Note: the kernel untarr on rhsauot070 was still going on without any interfeernce

Comment 2 Nag Pavan Chilakam 2016-01-20 12:48:13 UTC
Created attachment 1116638 [details]
client error

Comment 3 Mohammed Rafi KC 2016-01-22 07:19:43 UTC
It is very inconsistently reproducible.

RCA:

It is race between graph change in client graph and an option change in server graph.
During server_reconfigure we authenticate each connected clients against the current options. To do this authentication we store previous values in a dictionary during the connection establishment phase (server_setvolume). If the authentication fails during reconfigure then we will disconnect the transport. Here it introduce a race between server_setvolume and reconfugure. If a reconfigure called before doing a setvolume, the transport will be disconnected.

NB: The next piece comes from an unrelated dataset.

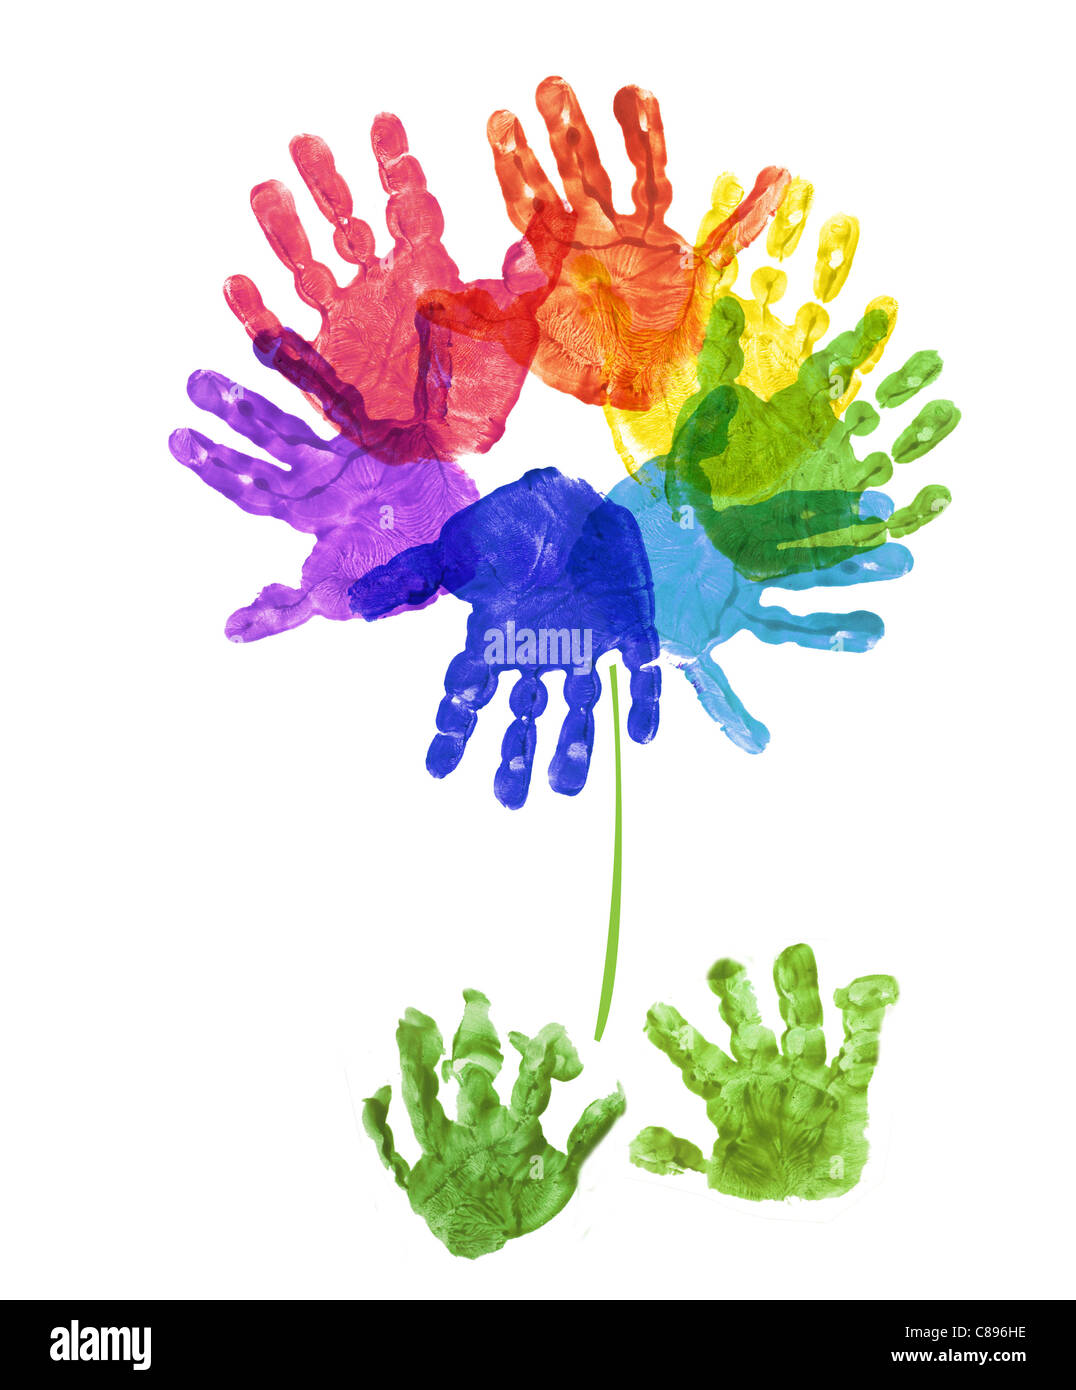 eine Blume aus Kinderhand gefertigt druckt in Regenbogenfarben auf weißem  Hintergrund Stockfotografie - Alamy
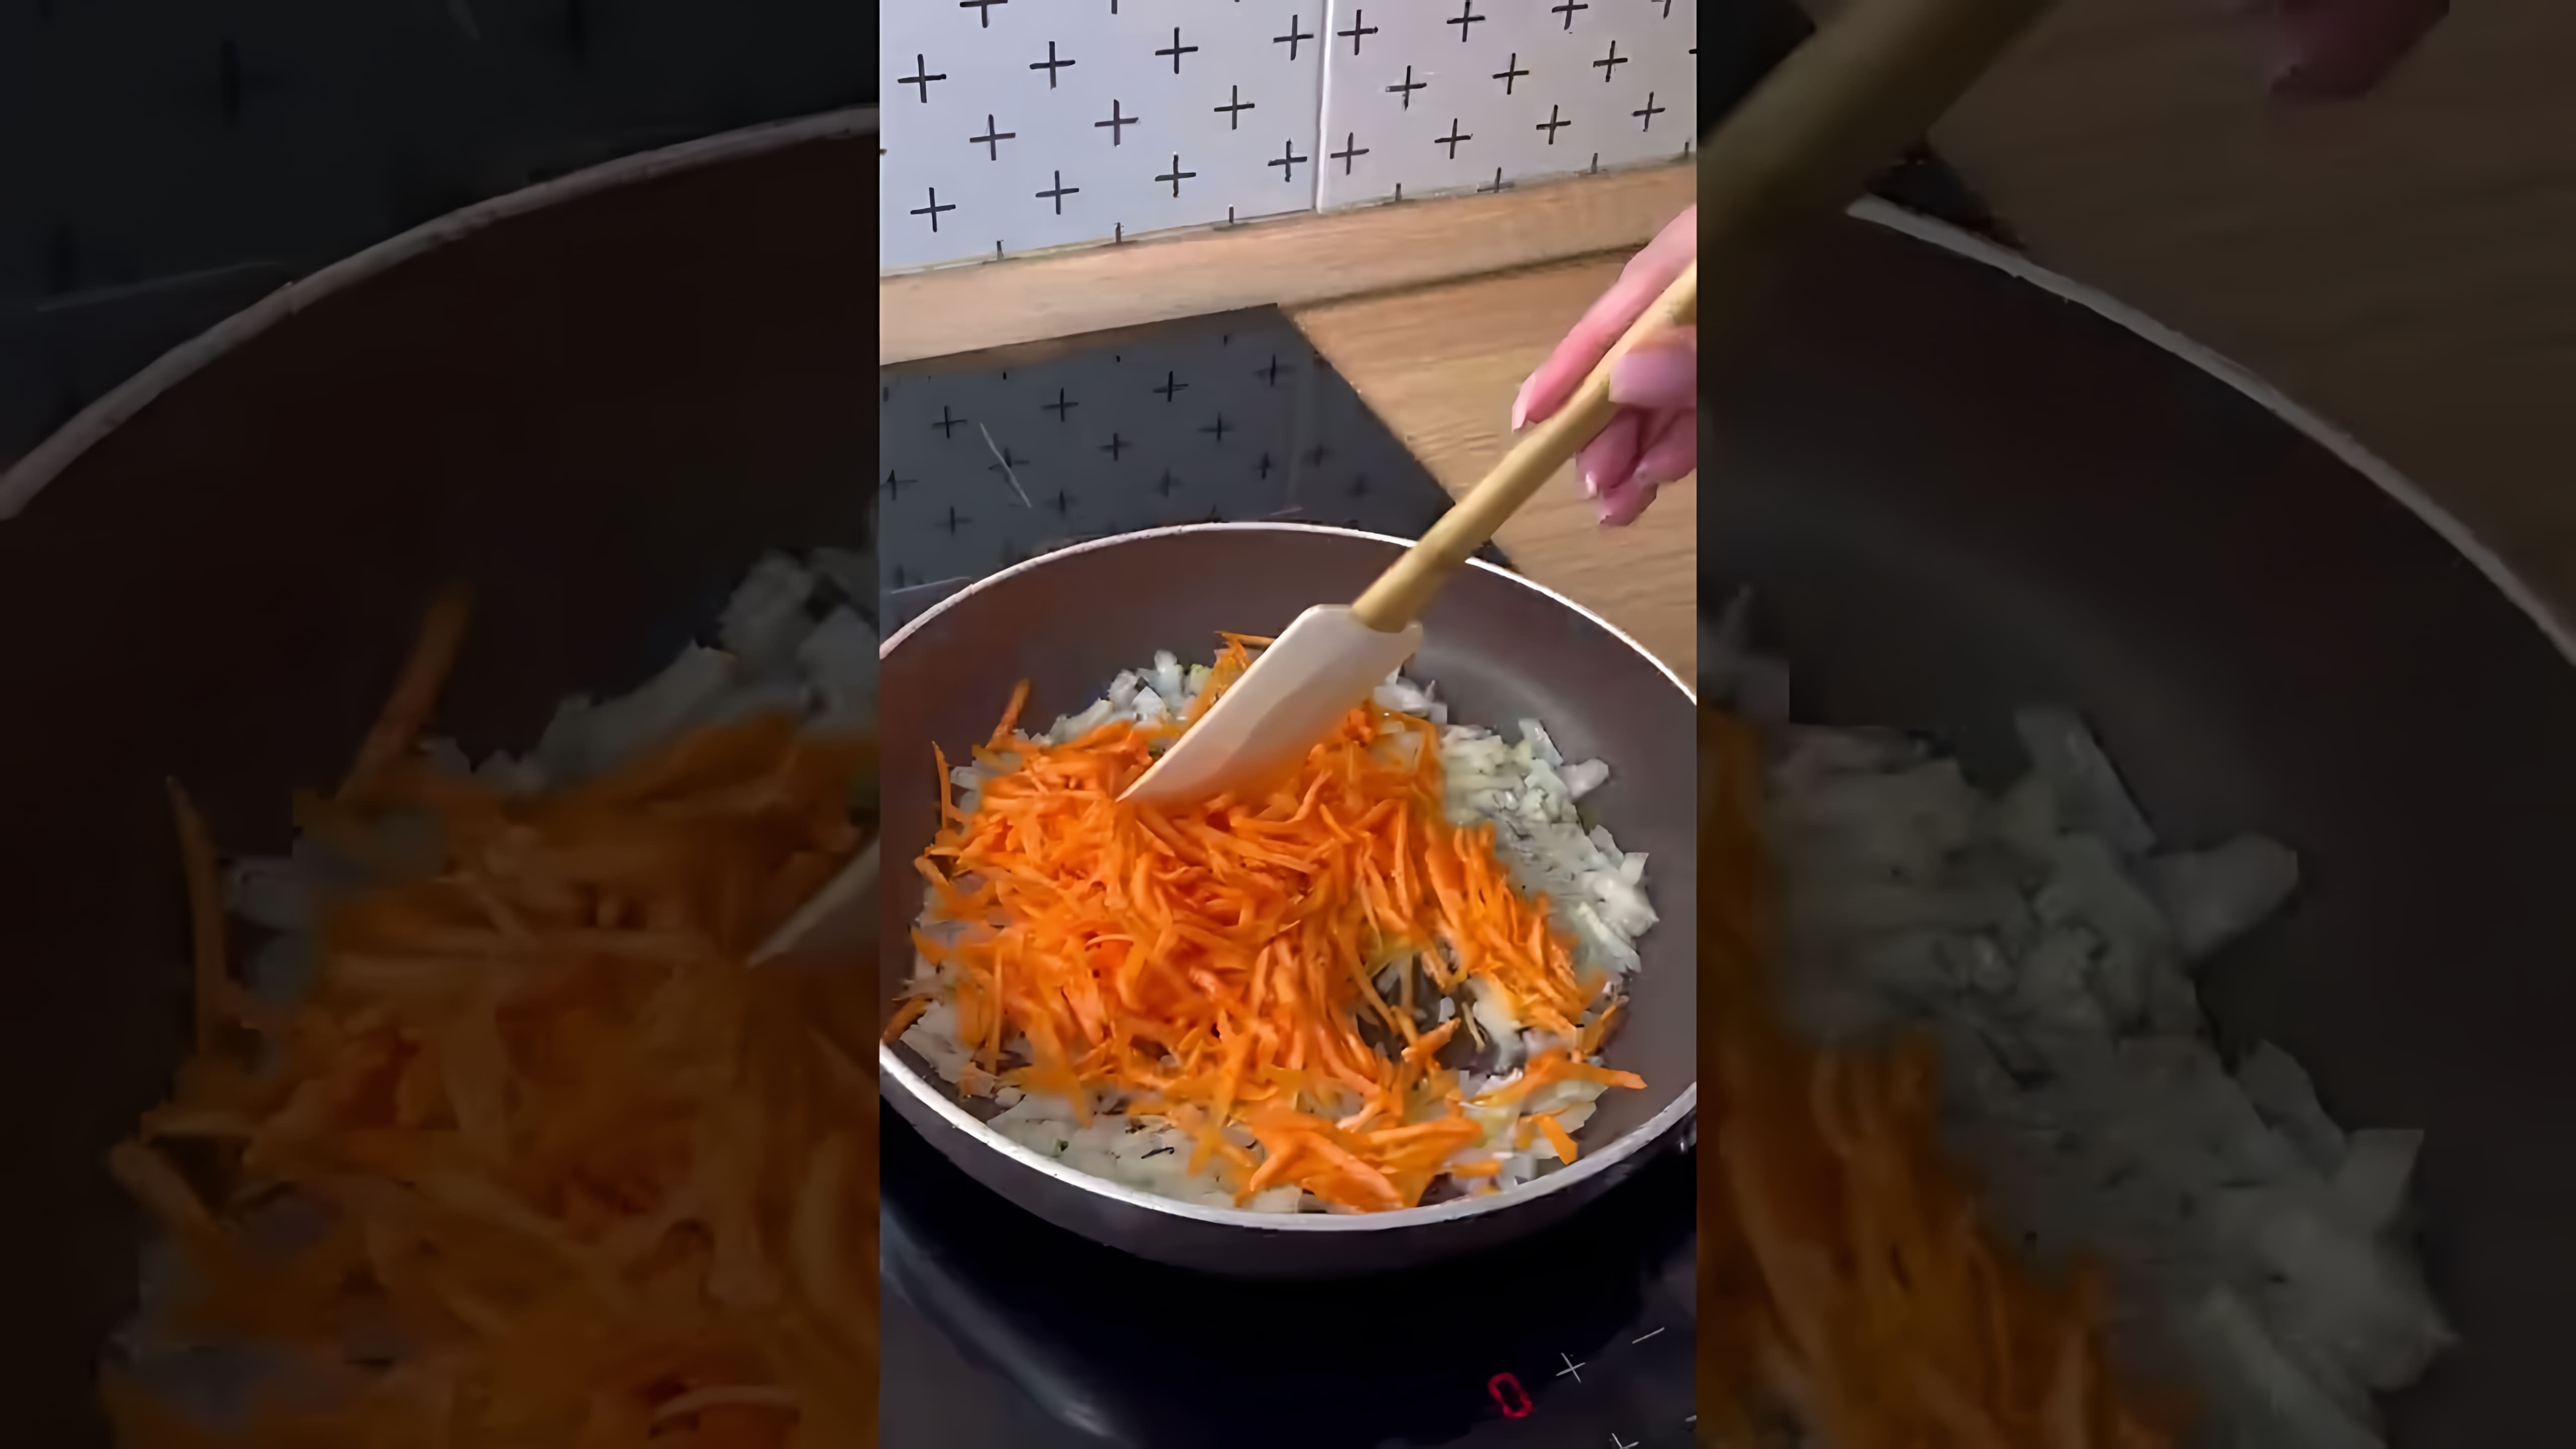 В этом видео демонстрируется рецепт приготовления сырного супа

After three seconds time-out transport will be reconnected.

Comment 4 Mohammed Rafi KC 2016-01-22 09:22:14 UTC
Changing the component since this can be reproduced in any volume also this bug falls into protocol layer.

NOTE: With RCA given in comment3, the failure should not umount

Comment 5 Mohammed Rafi KC 2016-01-22 09:26:33 UTC
upstream master patch merged. http://review.gluster.org/#/c/13271/
release 3.7 : http://review.gluster.org/#/c/13280/

Comment 6 Nag Pavan Chilakam 2016-01-22 09:37:40 UTC
Created attachment 1117135 [details]
mount log

Comment 7 Mohammed Rafi KC 2016-07-01 04:25:46 UTC
patches mentioned in comment5 are merged in upstream, so the fix would be available for 3.2 as part of the rebase.

Comment 8 Milind Changire 2017-01-18 10:00:42 UTC
Moving to MODIFIED.
Patch available downstream as commit 30e4d0d.

Comment 11 hari gowtham 2018-11-08 18:36:15 UTC
As tier is not being actively developed, I'm closing this bug. Feel free to open it if necessary.